Absence of censoring inequalities in random quantum circuits

• URL: http://arxiv.org/abs/2502.15995v1
• Date: Fri, 21 Feb 2025 23:17:26 GMT
• Title: Absence of censoring inequalities in random quantum circuits
• Authors: Daniel Belkin, James Allen, Bryan K. Clark,
• Abstract summary: We construct a family of architectures such that the approximate $2$-design depth decreases when certain gates are deleted.<n>We also give some intuition for this construction and discuss the relevance of this result to the approximate $t$-design depth of the 1D brickwork.
• Score: 0.0
• License: http://creativecommons.org/licenses/by/4.0/
• Abstract: Ref. 1 asked whether deleting gates from a random quantum circuit architecture can ever make the architecture a better approximate $t$-design.
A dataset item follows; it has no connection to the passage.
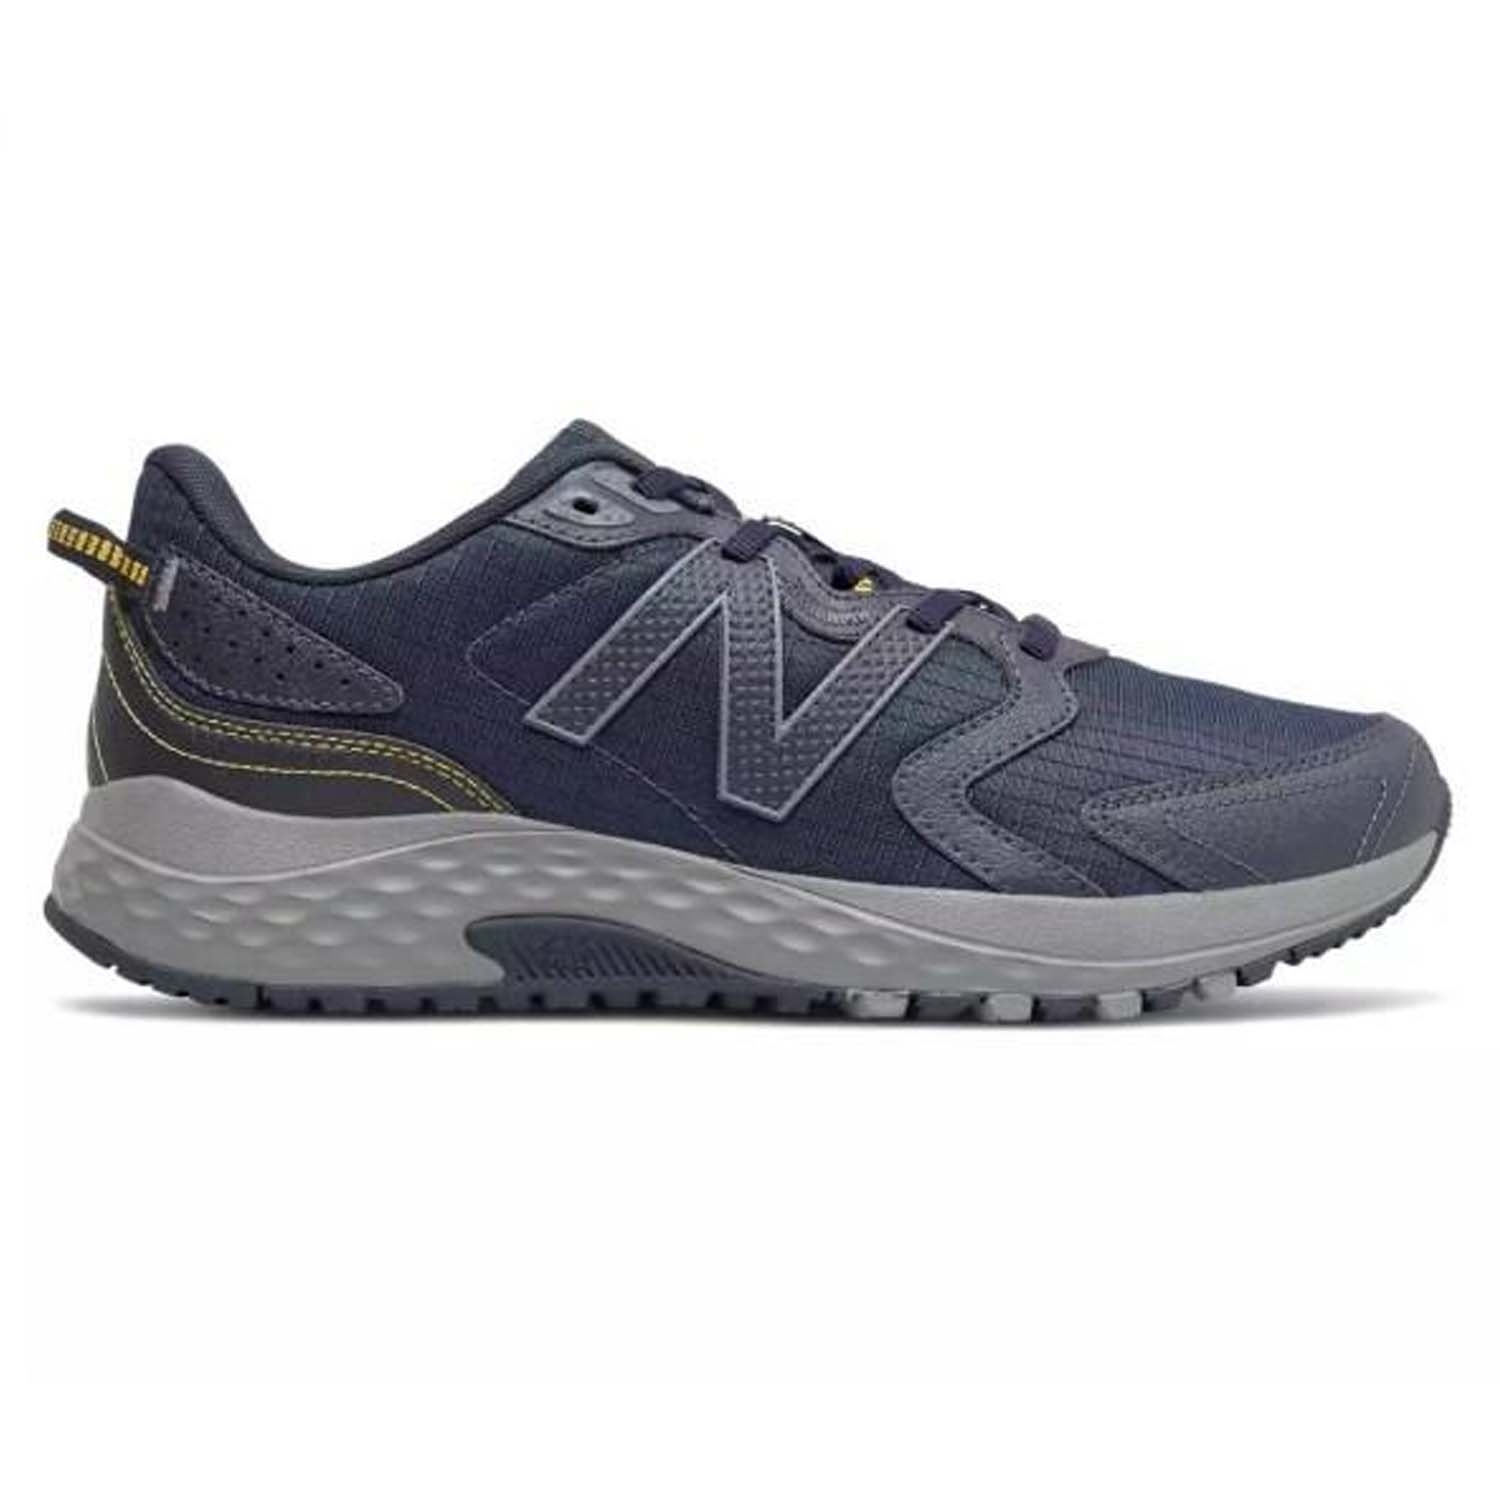 New Balance MT410 v7 (2E) Wide Mens Trail Running Shoes: Navy/Harvest ...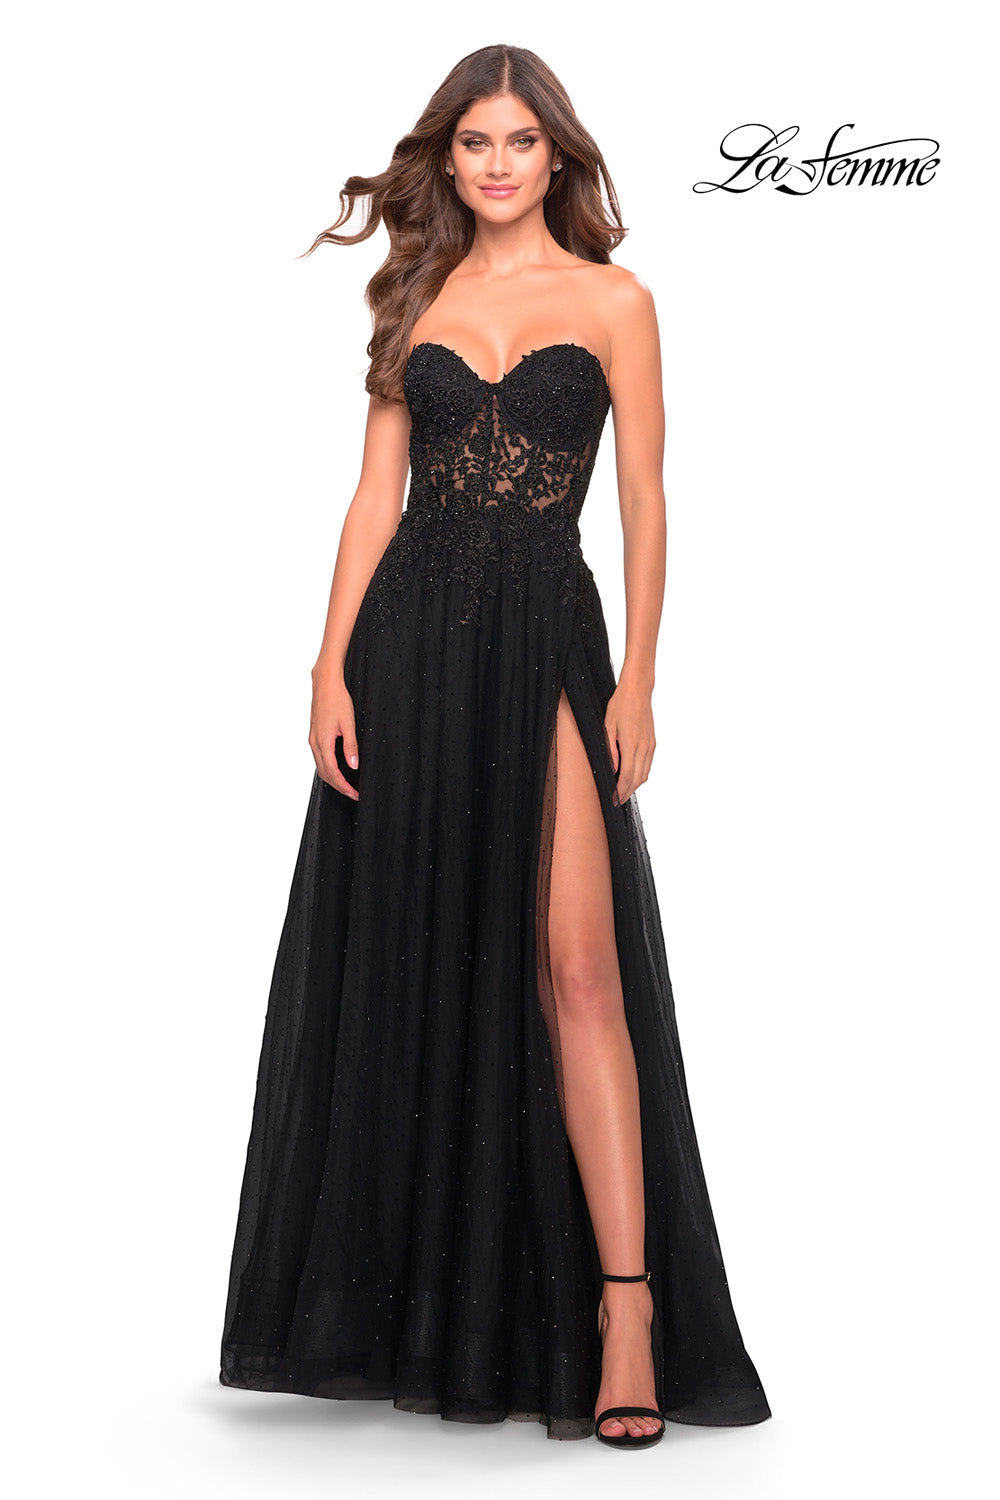 La Femme 31525 prom dress images.  La Femme 31525 is available in these colors: Black.

We show that it can. In particular, we construct a family of architectures such that the approximate $2$-design depth decreases when certain gates are deleted. We also give some intuition for this construction and discuss the relevance of this result to the approximate $t$-design depth of the 1D brickwork. Deleting gates always decreases scrambledness in the short run, but can sometimes cause it to increase in the long run. Finally, we give analogous results for spectral gaps and when deleting edges of interaction graphs.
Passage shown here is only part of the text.